## GIVEN INFORMATION
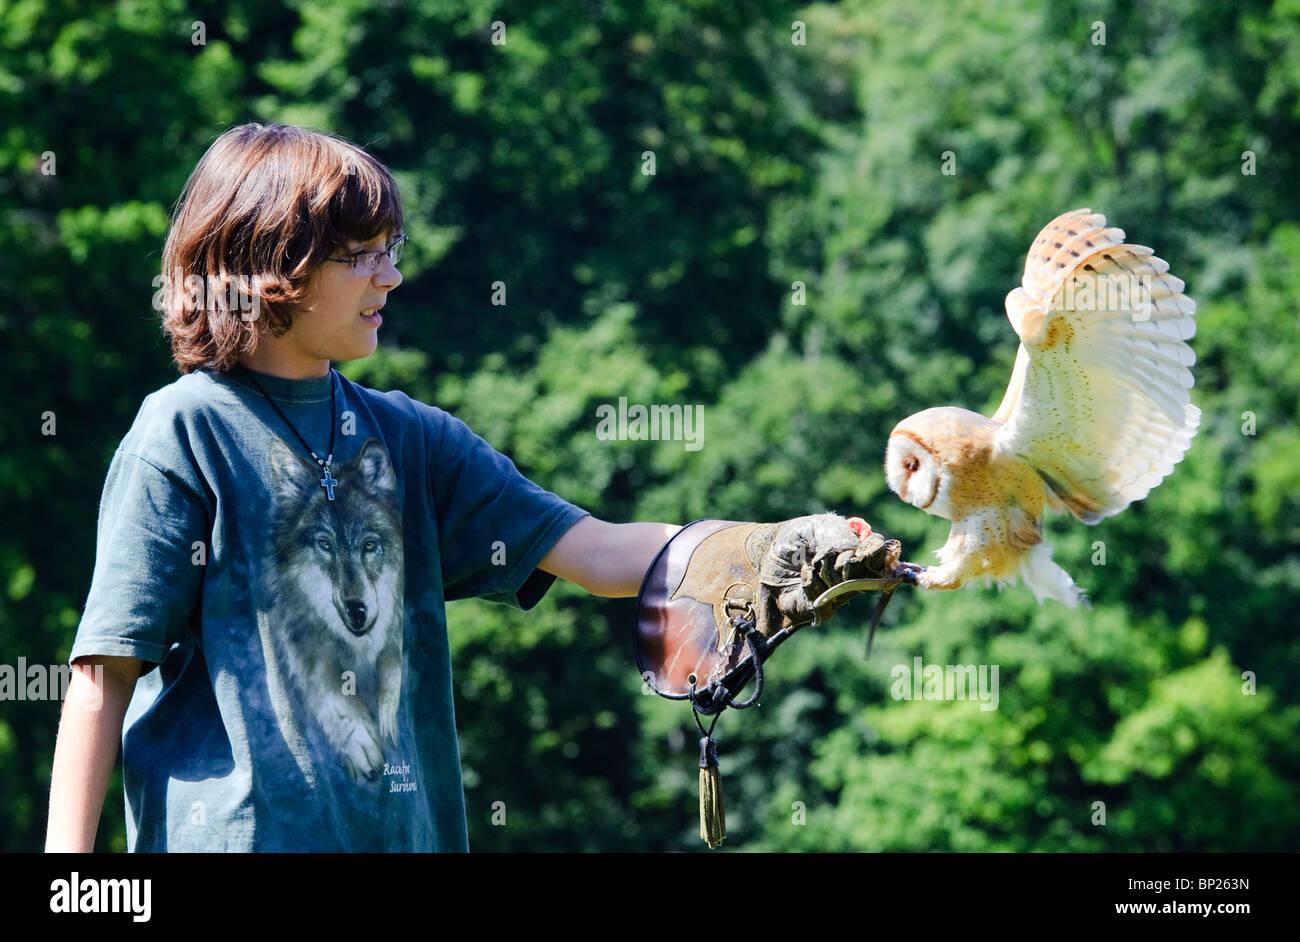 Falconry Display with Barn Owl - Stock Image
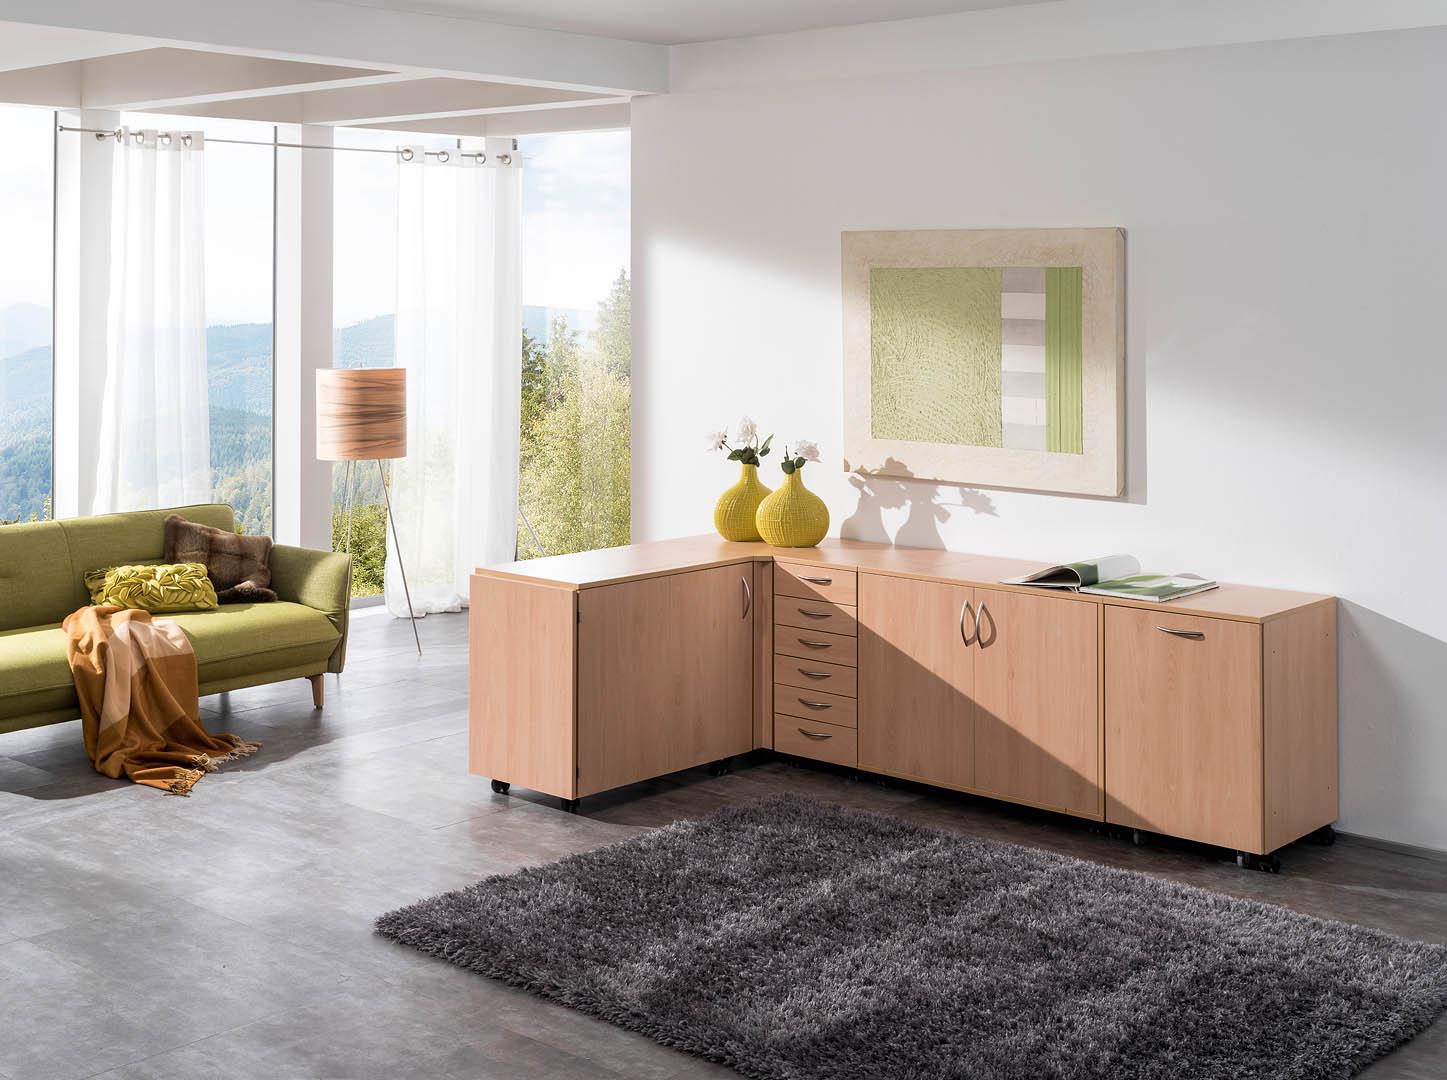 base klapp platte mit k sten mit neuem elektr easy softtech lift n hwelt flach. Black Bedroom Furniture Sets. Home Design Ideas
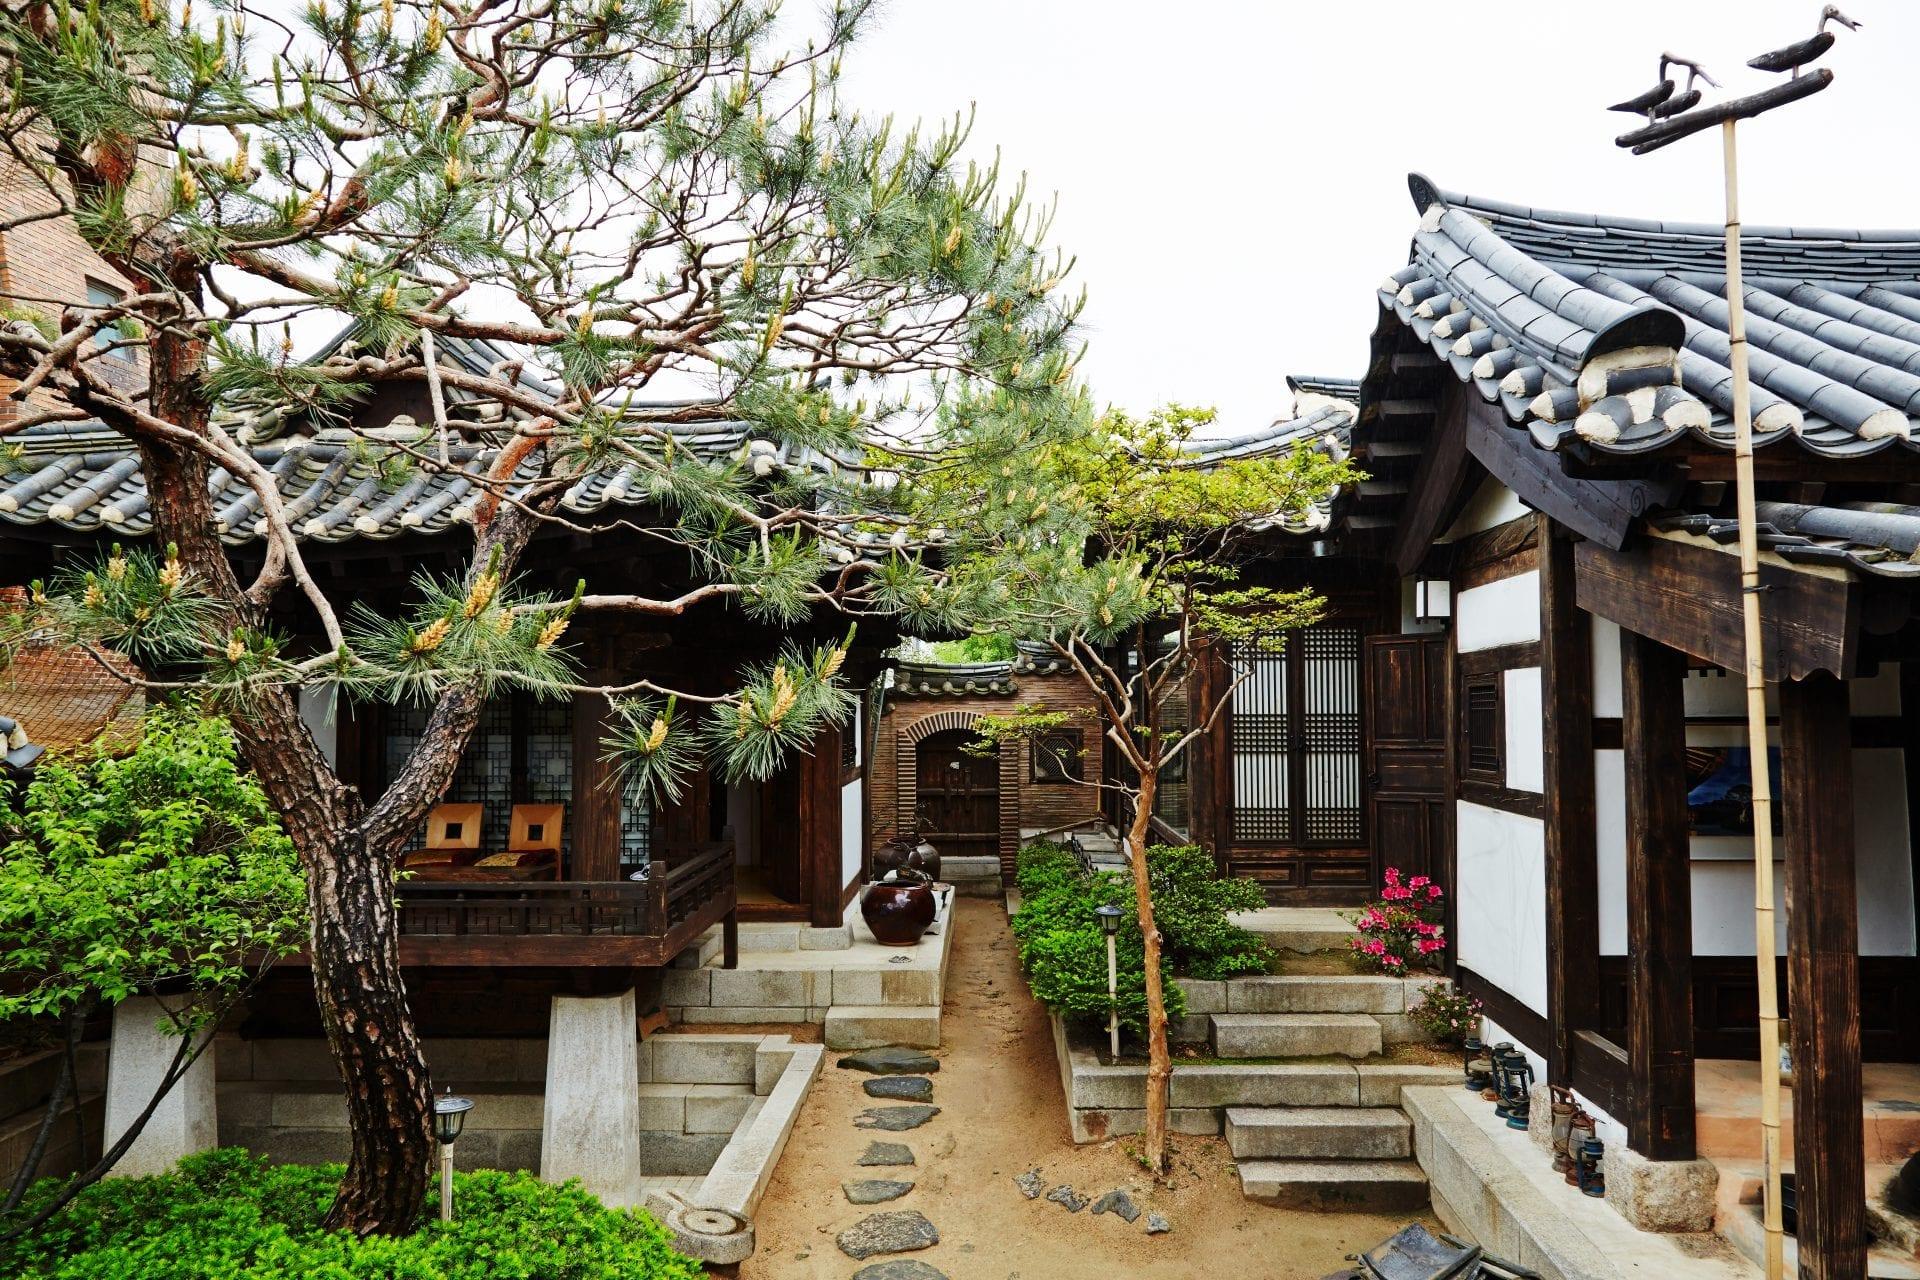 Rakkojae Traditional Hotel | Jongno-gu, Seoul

## EXERCISE AIM
Please transcribe each line above exactly, but leave the images out.

## PROBLEM SOLUTION
 Falconry Display with Barn Owl - Stock Image
 base klapp platte mit k sten mit neuem elektr easy softtech lift n hwelt flach. Black Bedroom Furniture Sets. Home Design Ideas
 Rakkojae Traditional Hotel | Jongno-gu, Seoul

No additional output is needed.